EXERCISE DESCRIPTION -> Retrieve every line from the records in which the word "Ideas" occurs.

Data records
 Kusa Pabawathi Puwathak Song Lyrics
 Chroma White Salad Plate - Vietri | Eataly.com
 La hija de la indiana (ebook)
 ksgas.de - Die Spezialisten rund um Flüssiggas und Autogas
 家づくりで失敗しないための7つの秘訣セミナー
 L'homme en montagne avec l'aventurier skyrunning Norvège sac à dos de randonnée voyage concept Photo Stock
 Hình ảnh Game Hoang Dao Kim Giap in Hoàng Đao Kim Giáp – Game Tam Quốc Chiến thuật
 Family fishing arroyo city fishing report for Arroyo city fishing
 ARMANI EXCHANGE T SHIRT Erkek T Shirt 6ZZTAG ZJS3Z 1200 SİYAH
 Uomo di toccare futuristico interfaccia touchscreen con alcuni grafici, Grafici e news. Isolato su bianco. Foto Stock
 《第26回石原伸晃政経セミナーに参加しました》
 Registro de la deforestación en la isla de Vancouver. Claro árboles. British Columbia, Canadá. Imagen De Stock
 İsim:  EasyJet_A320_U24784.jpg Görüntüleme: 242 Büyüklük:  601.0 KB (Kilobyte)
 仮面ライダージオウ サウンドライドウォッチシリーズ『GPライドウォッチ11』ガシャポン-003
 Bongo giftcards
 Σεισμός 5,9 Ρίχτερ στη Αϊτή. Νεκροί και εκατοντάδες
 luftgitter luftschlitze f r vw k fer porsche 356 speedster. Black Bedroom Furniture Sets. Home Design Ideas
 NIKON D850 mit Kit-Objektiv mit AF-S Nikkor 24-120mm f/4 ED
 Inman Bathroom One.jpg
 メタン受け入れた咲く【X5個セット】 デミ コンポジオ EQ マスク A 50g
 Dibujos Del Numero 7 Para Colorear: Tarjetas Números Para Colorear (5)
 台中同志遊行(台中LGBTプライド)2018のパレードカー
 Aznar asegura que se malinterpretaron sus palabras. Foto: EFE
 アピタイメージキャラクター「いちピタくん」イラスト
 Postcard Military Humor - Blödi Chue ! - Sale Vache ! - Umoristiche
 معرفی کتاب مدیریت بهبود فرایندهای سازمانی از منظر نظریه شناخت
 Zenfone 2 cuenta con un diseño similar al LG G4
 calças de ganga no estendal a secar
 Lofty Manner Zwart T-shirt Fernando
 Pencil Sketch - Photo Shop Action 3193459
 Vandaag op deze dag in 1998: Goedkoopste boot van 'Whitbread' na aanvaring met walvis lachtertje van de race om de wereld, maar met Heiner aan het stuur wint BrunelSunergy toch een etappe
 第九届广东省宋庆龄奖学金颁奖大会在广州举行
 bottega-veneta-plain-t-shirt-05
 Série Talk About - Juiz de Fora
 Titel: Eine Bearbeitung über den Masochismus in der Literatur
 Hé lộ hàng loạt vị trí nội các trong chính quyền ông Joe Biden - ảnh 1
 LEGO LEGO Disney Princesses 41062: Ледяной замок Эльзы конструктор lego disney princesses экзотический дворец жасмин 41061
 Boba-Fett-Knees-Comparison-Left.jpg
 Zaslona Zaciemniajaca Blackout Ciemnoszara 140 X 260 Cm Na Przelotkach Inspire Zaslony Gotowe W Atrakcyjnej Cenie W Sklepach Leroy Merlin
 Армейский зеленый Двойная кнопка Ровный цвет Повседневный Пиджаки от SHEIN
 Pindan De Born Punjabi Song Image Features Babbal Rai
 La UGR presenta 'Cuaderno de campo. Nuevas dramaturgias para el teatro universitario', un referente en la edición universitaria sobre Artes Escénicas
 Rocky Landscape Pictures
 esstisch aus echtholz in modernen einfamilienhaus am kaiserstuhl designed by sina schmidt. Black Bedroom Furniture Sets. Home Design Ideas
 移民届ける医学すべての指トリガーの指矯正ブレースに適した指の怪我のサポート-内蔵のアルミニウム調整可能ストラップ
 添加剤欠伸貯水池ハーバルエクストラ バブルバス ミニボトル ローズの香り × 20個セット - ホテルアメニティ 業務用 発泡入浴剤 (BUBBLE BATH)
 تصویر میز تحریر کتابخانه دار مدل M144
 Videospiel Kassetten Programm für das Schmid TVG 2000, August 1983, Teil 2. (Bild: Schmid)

EXERCISE RESPONSE ->
 luftgitter luftschlitze f r vw k fer porsche 356 speedster. Black Bedroom Furniture Sets. Home Design Ideas
 esstisch aus echtholz in modernen einfamilienhaus am kaiserstuhl designed by sina schmidt. Black Bedroom Furniture Sets. Home Design Ideas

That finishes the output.